Vishay Intertechnology, Inc.
- Type: Public
- Traded as: NYSE: VSH; S&P 600 component;
- Industry: electronics
- Founded: 1962; 64 years ago
- Founder: Felix Zandman
- Headquarters: Malvern, Pennsylvania, U.S.,
- Key people: Marc Zandman, Executive Chairman, Chief Business Development Officer, Joel Smejkal, President and CEO
- Products: rectifiers, diodes, MOSFETs, optoelectronics, selected integrated circuits, resistors, capacitors, inductors
- Revenue: US$2.94 billion (2024)
- Operating income: US$5.63 million (2024)
- Net income: US$−31 million (2024)
- Total assets: US$4.11 billion (2024)
- Total equity: US$2.03 billion (2024)
- Number of employees: 22,700 (2024)
- Website: vishay.com

= Vishay Intertechnology =

American semiconductor manufacturer

Vishay Intertechnology, Inc. is an American manufacturer of discrete semiconductors and passive electronic components founded by Polish-born businessman Felix Zandman.

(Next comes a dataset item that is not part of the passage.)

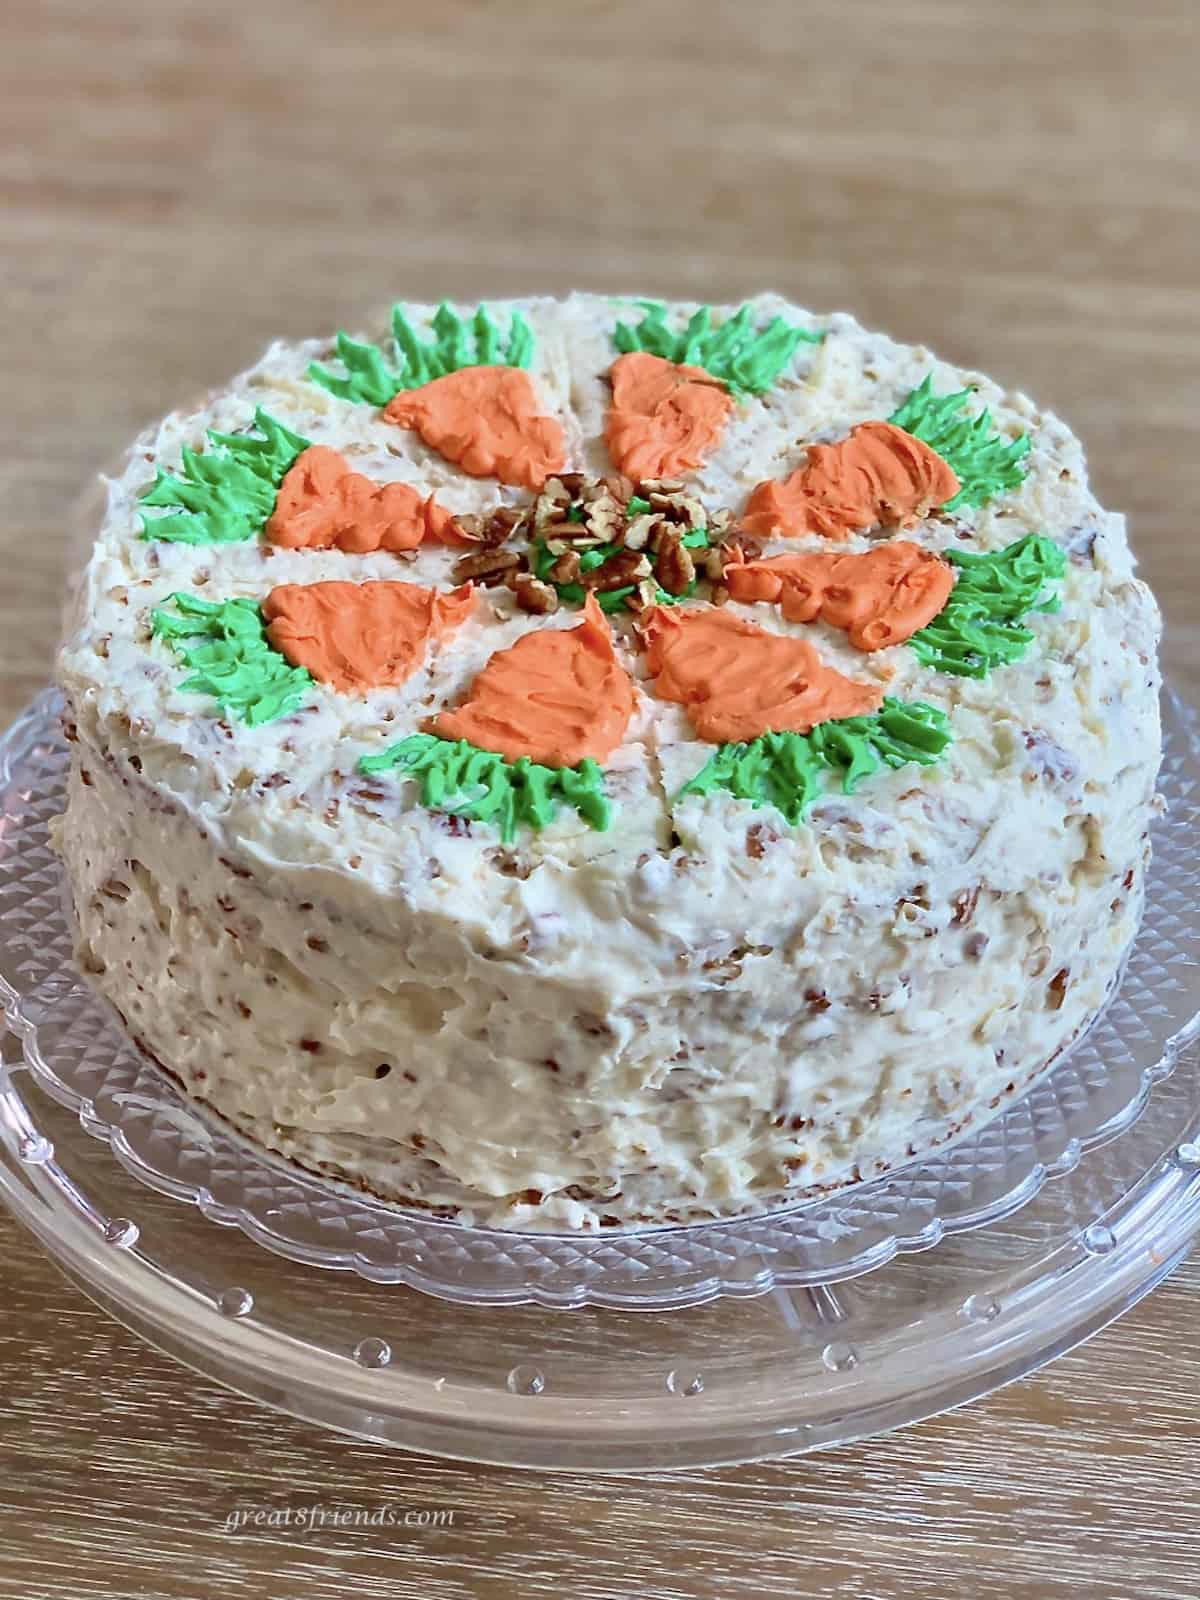 Homemade carrot cake with carrots on the top made of orange and green icing.

Vishay has manufacturing plants in Israel, Asia, Europe, and the Americas where it produces rectifiers, diodes, MOSFETs, optoelectronics, selected integrated circuits, resistors, capacitors, and inductors. Vishay Intertechnology revenues for 2024 were $2.9 billion. At the end of 2024, Vishay had approximately 22,700 full-time employees.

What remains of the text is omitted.